> [The task]: Transcribe the whole listing exactly, but do not carry over its pictures.

> [Information supplied]:
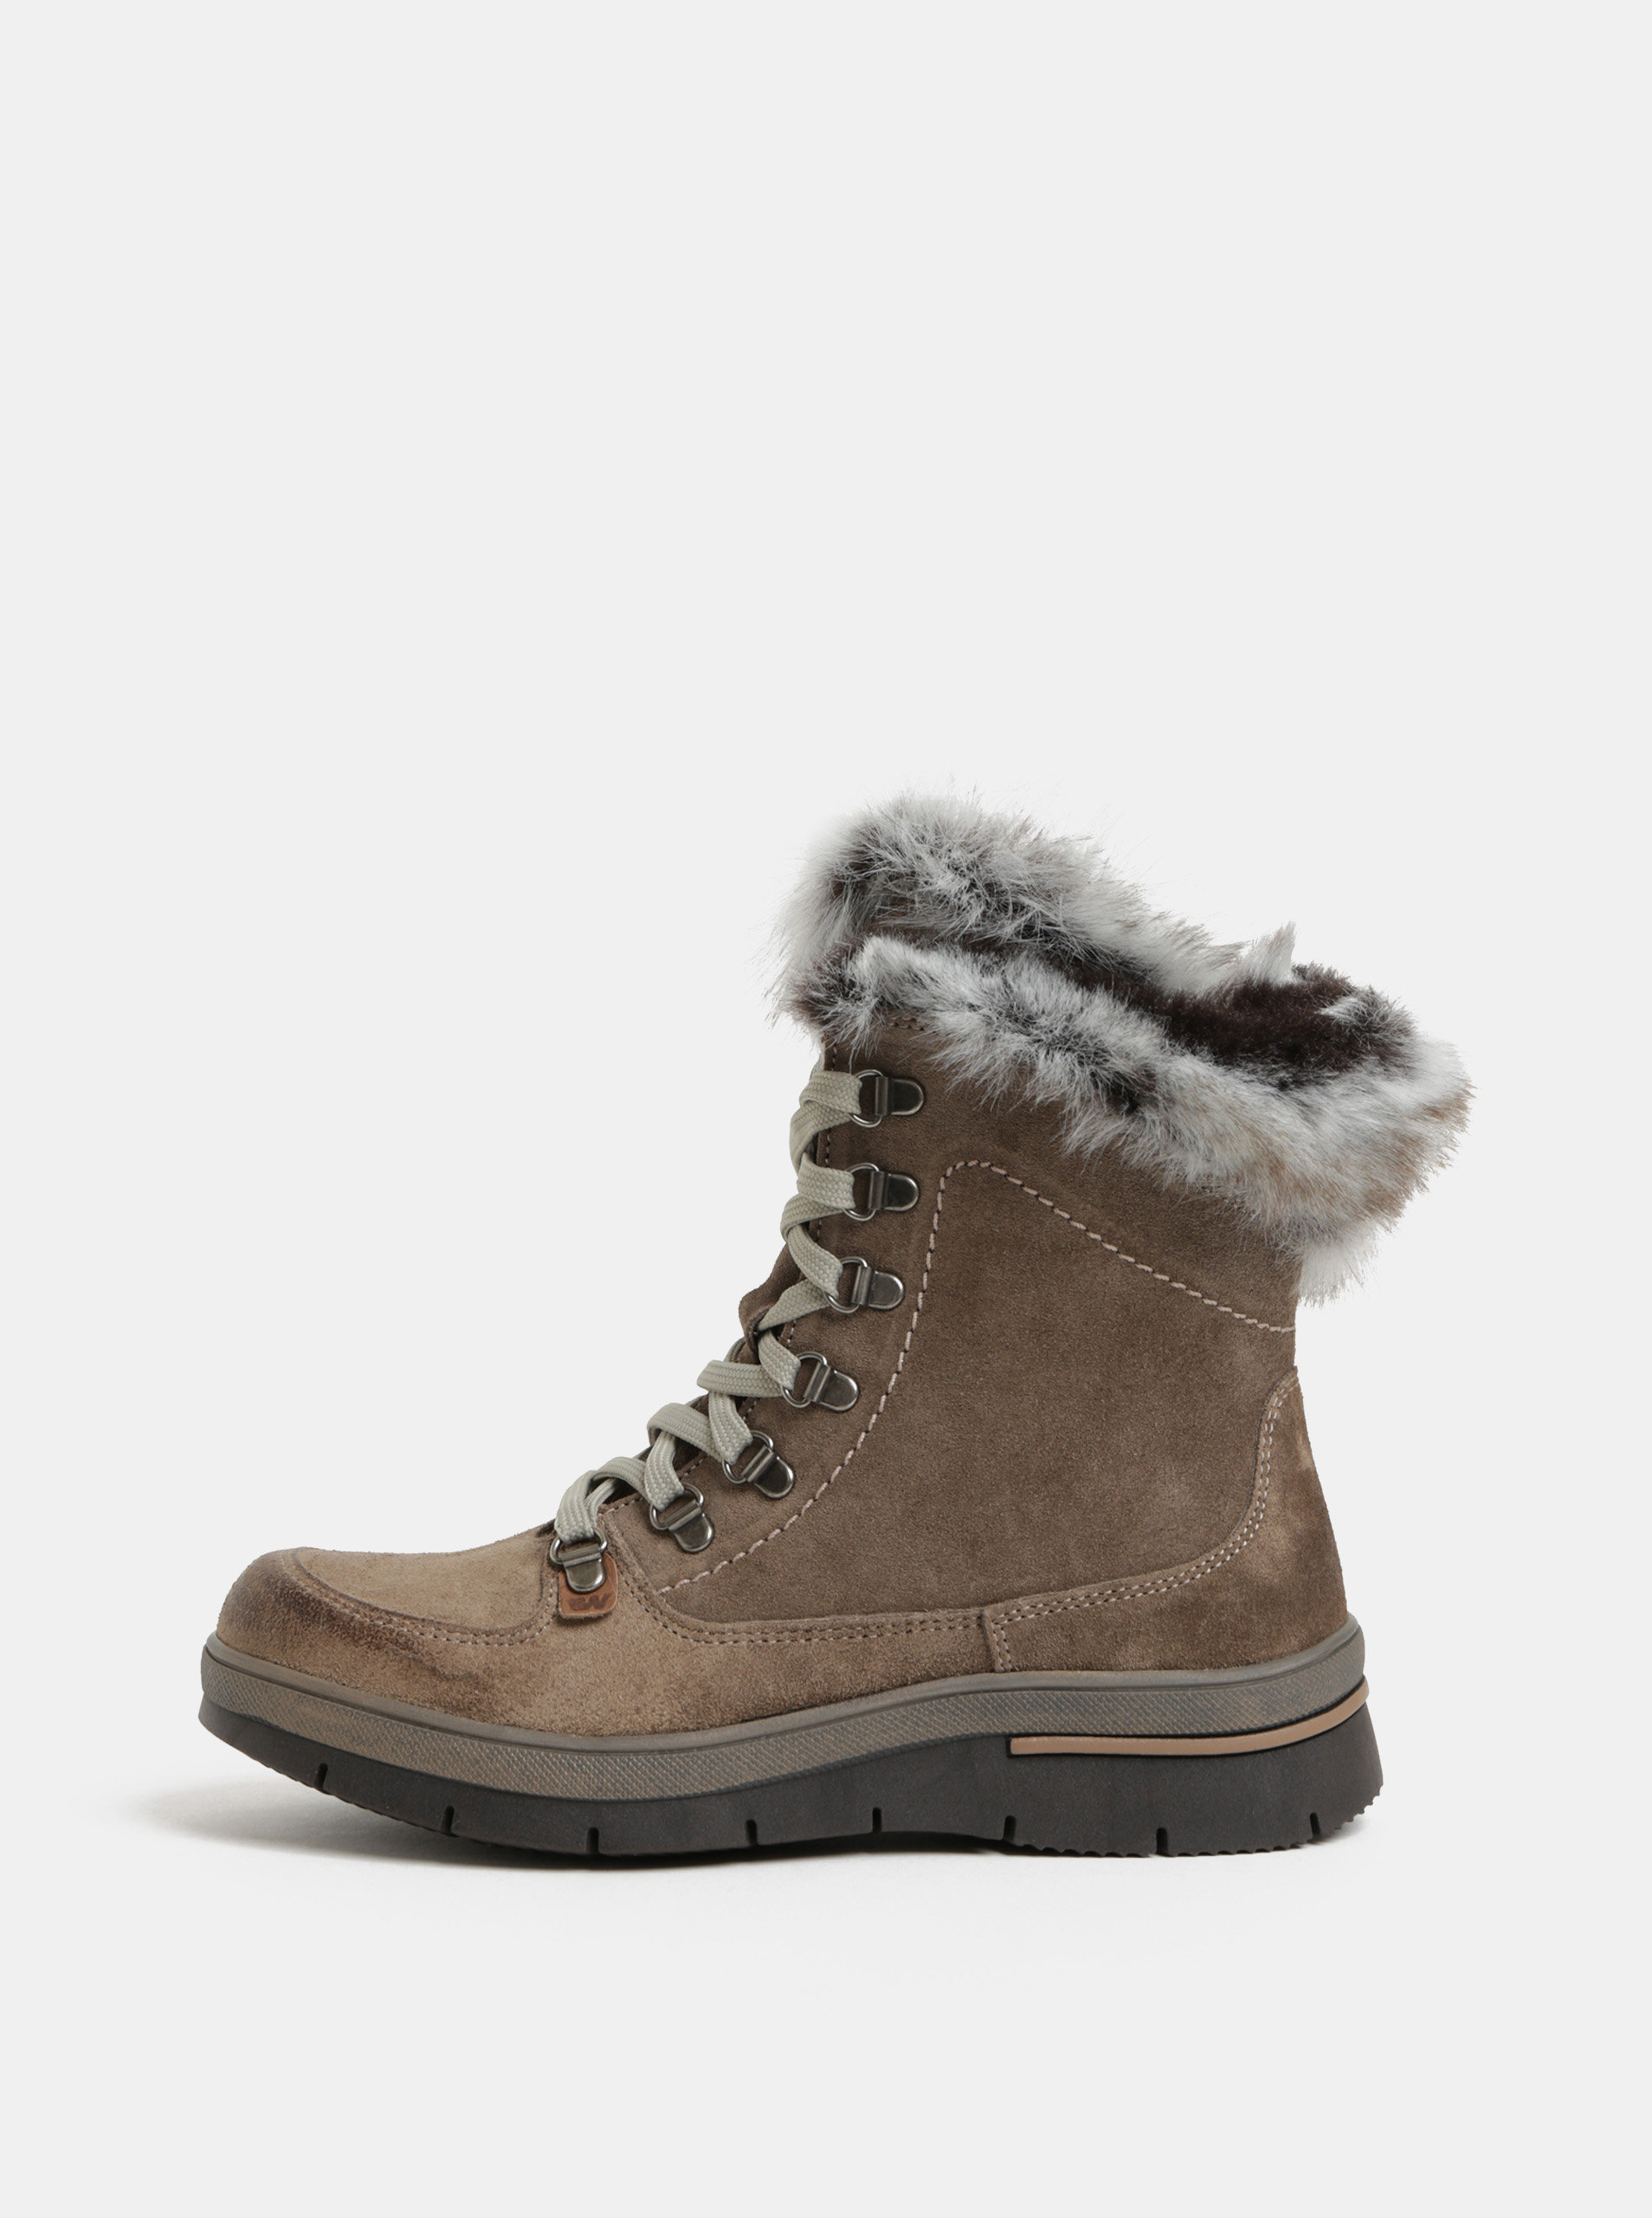 f45650afe2165 Hnedé semišové dámske členkové topánky s vnútornou umelou kožušinou  Weinbrenner ...
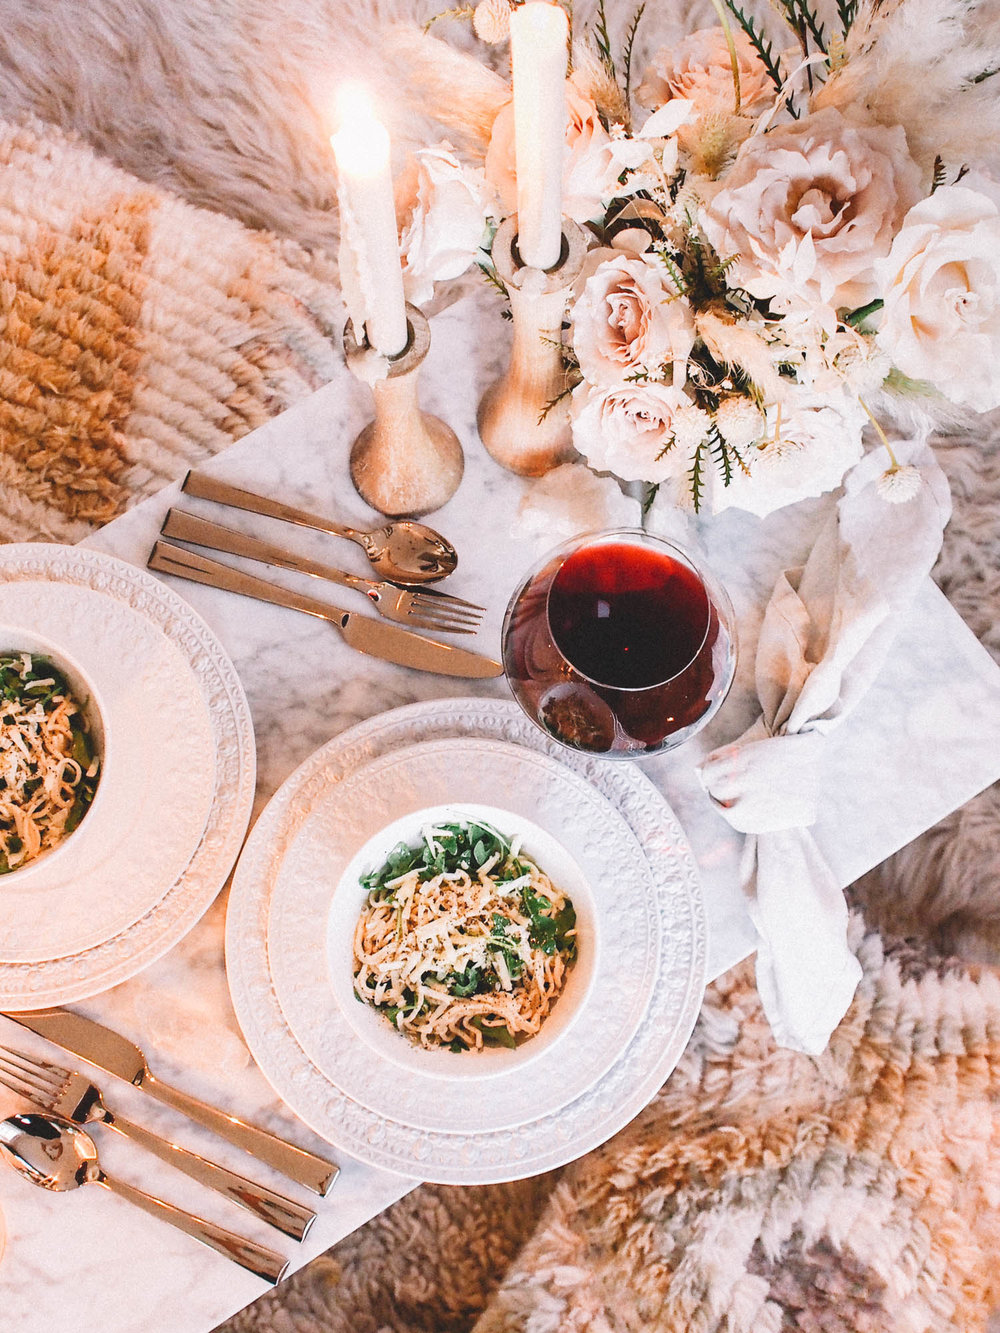 Easy pasta date night recipe | A Fabulous Fete
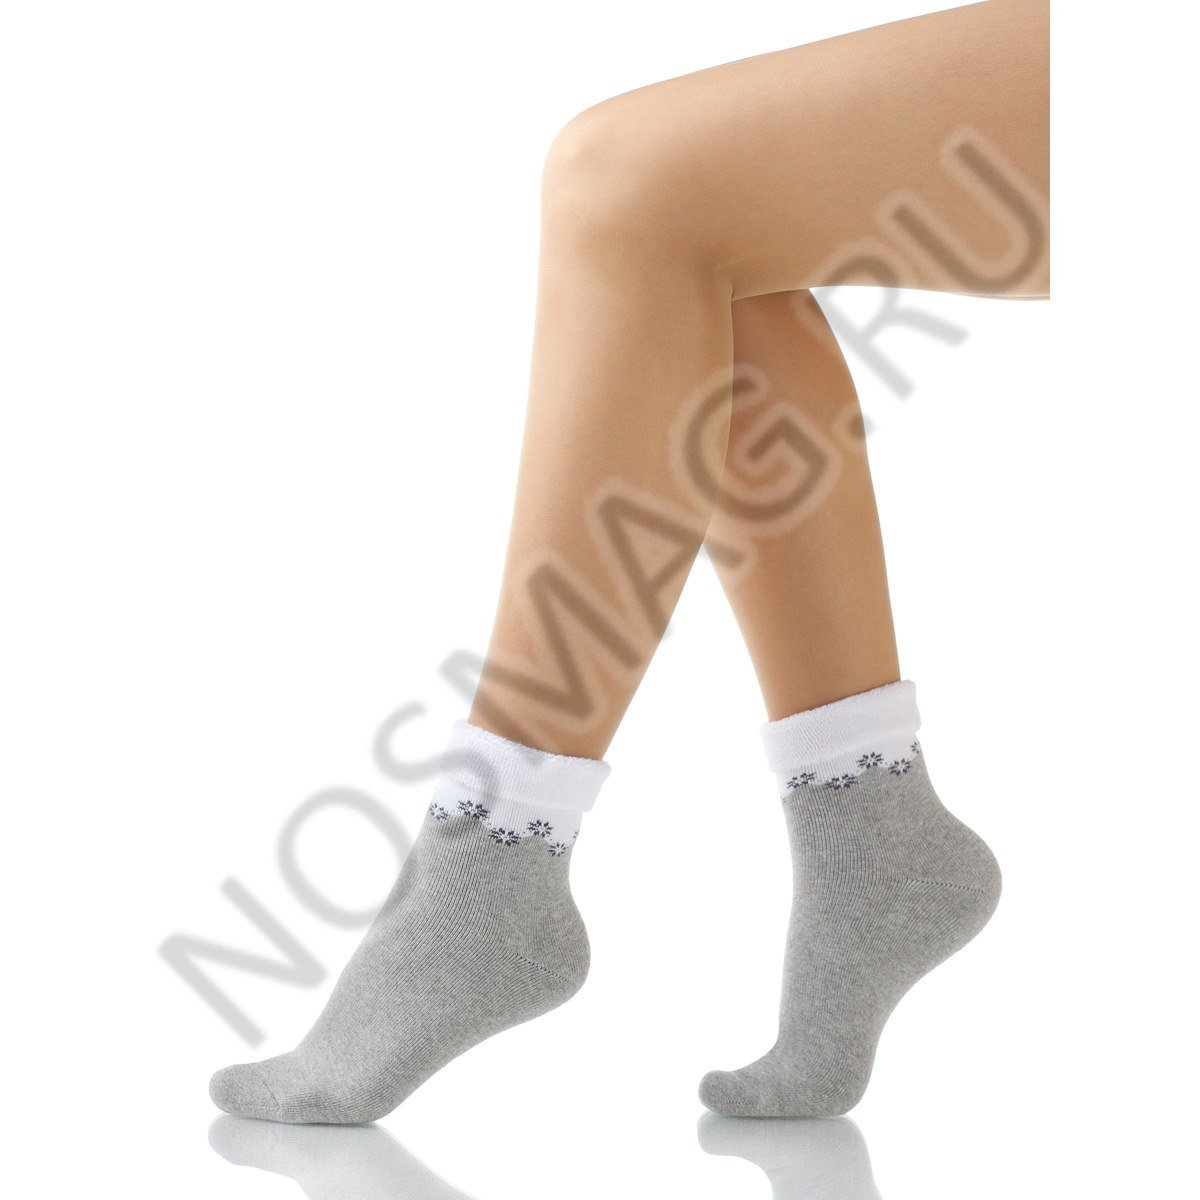 Носки женские махровые Charmante серый меланж

> [Solution]:
 f45650afe2165 Hnedé semišové dámske členkové topánky s vnútornou umelou kožušinou  Weinbrenner ...
 Easy pasta date night recipe | A Fabulous Fete
 Носки женские махровые Charmante серый меланж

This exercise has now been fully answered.